[Development] Android port - Why do we need Ministro?

Eskil Abrahamsen Blomfeldt eskil.abrahamsen-blomfeldt at digia.com
Fri Jan 11 16:07:12 CET 2013


On 01/11/2013 03:36 PM, Felipe Crochik wrote:
> Are there plans to change this flow? I have to assume there were good 
> reasons to do like this but without actually looking into the code it 
> seems that would make more sense to combine the ministro code with the 
> java wrapper generated for each application, no?
>
> I understand ministro plays an important part and donwloads the right 
> version of the libraries for each device and that we would have to 
> duplicate its code with every application but it seems like a very 
> reasonable price to pay if that would actually make the "first 
> install" experience better. Are there any other technical reasons why 
> this approach would not work?

Hi,

We need alternative deployment mechanisms for the use cases that are not 
covered by Ministro, but there are issues with this for deploying 
imports and plugins and Ministro also makes it easier to deploy to 
different devices, as it downloads the correct version of the platform 
plugin for you. I think this is all solvable somehow, but I don't think 
the solution is integrating Ministro in each app, because each app would 
still have to download their own libraries if there's no central 
repository on the device. I think it would be better to make a secondary 
deployment method which allows you to put everything you need into the 
apk so that the app works out of the box and you have full control over 
the Qt libraries it uses and when these are updated. I'm not 100% sure 
what that would require at the moment, though. It could mean building 
statically, or it could mean something else.

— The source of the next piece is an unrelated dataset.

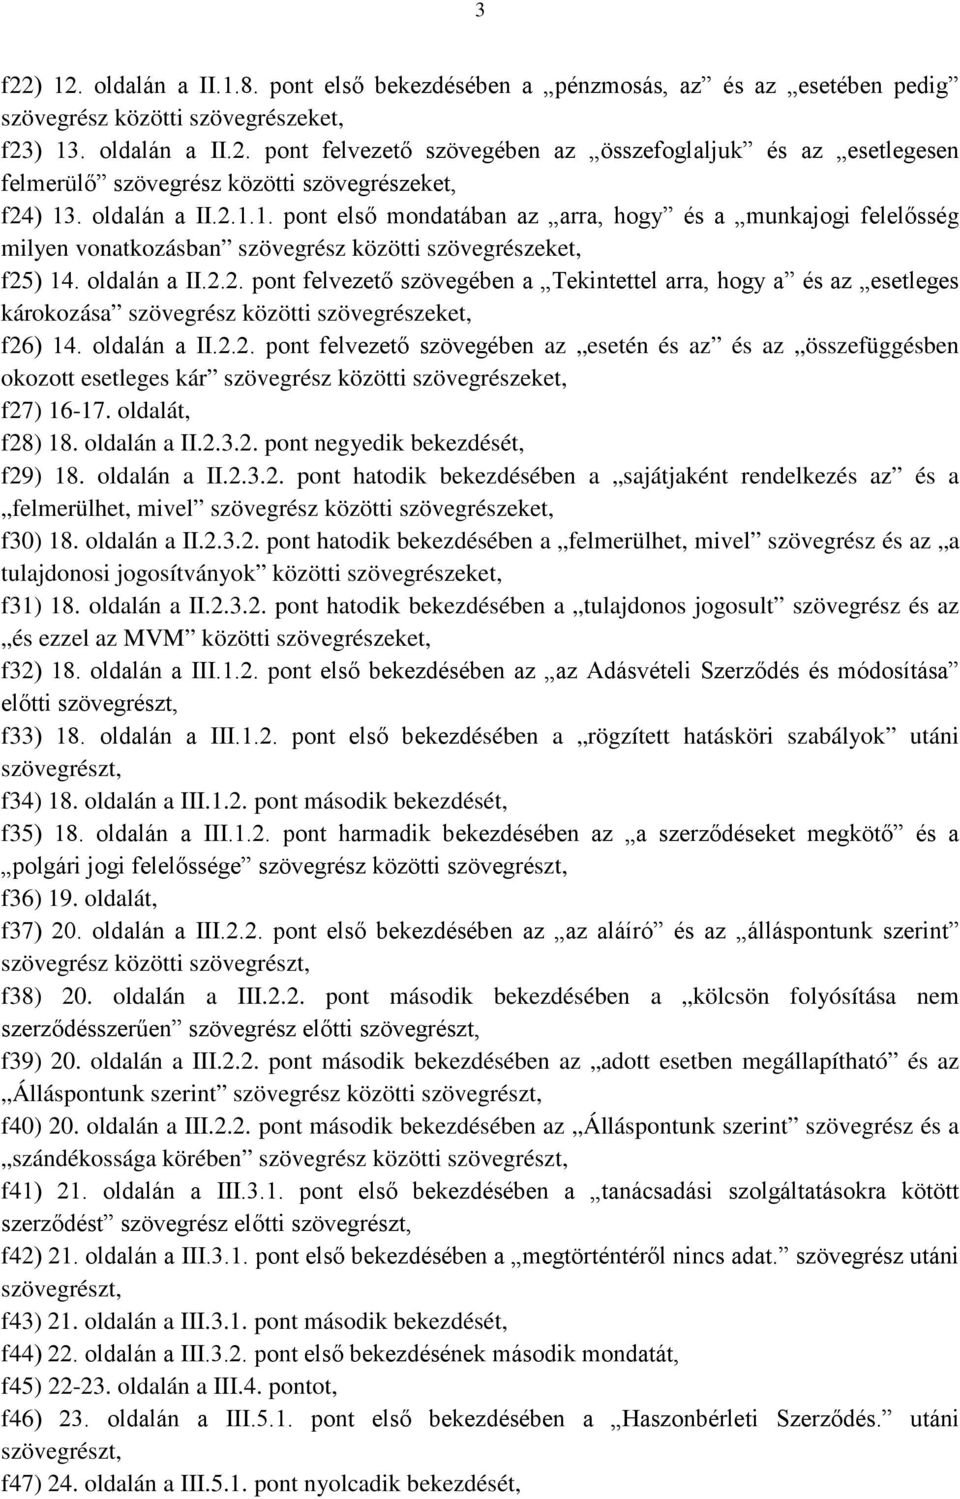 oldalán a II.2.2. pont felvezető szövegében az esetén és az és az összefüggésben okozott esetleges kár szövegrész közötti szövegrészeket, f27) 16-17. oldalát, f28) 18. oldalán a II.2.3.2. pont negyedik bekezdését, f29) 18.
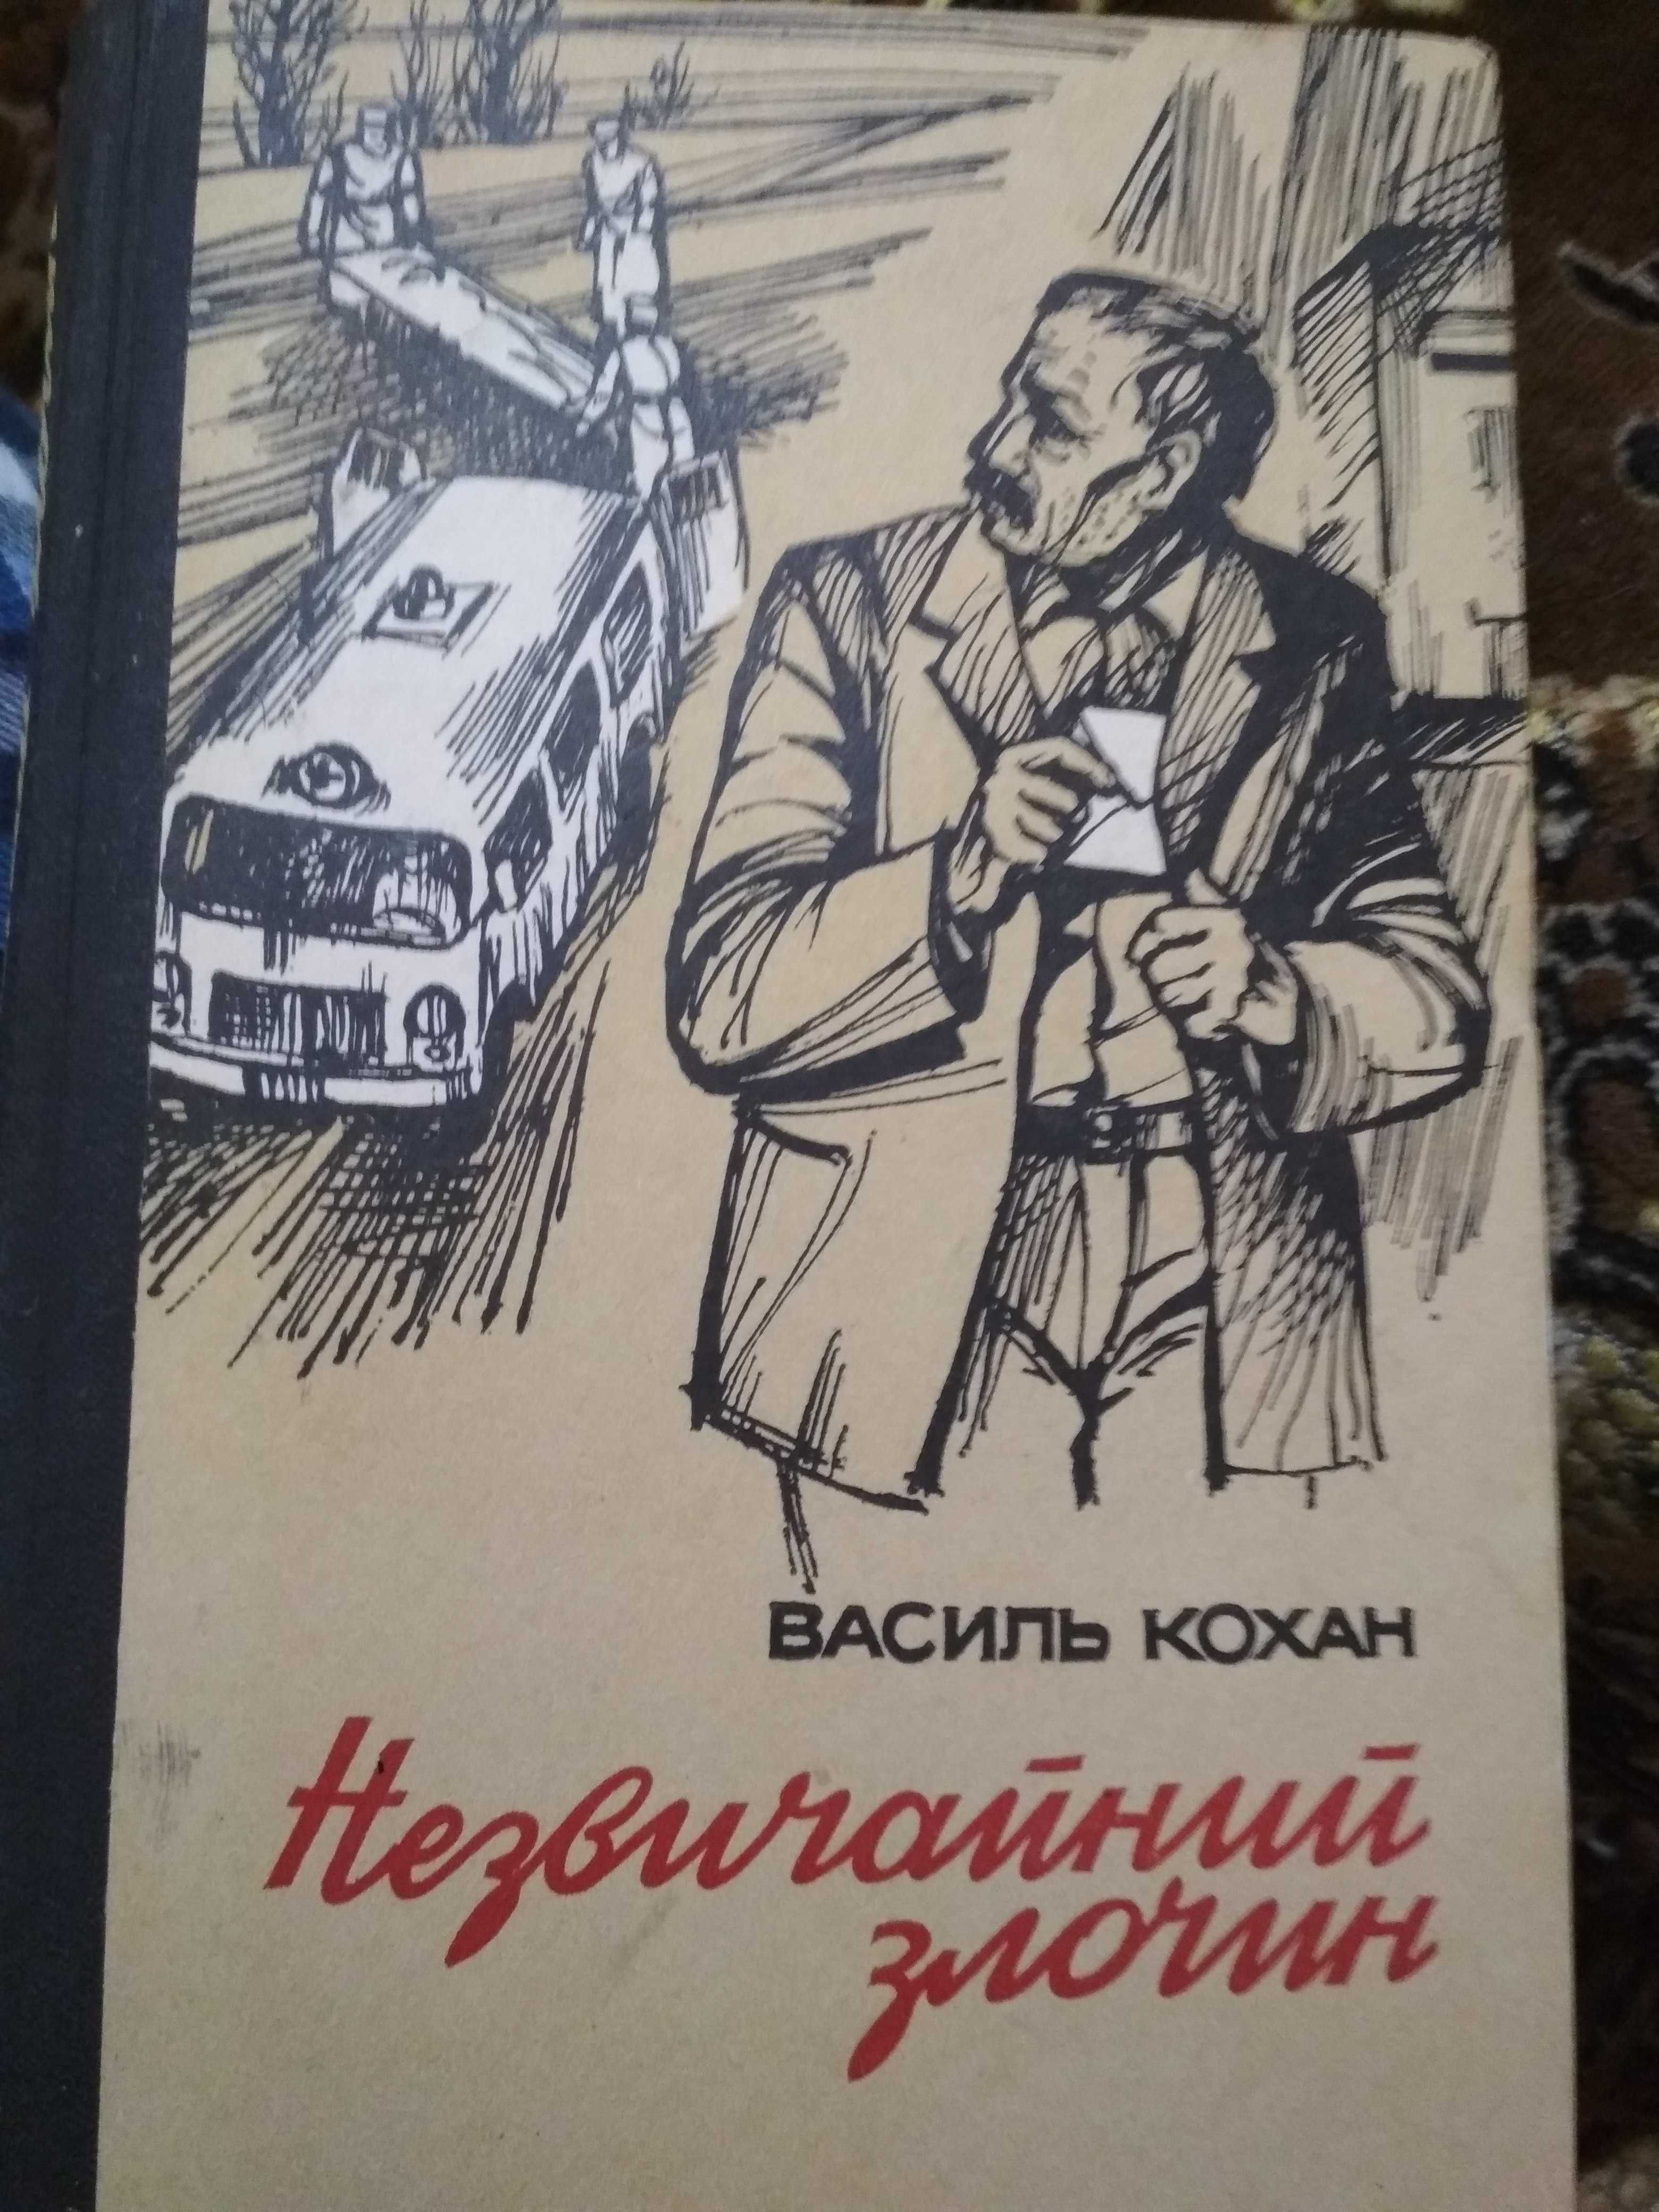 Советские приключения, детективы, фантастика, недорого,  распродажа!!!

So the bottom line: I do think we need support for this, but I think we 
should spend the time to find the right solution, so it's not likely to 
happen for the experimental version of the port we're planning to 
release with Qt 5.1. Since Ministro is well-tested and provides both a 
simple and working way of deploying and updating the libraries, imports 
and plugins we need, and it allows several apps to share the same 
binaries, so you avoid bloating the size of your app (which might a 
problem depending on how large your app is to begin with), I think it's 
a good solution for the first version of the port.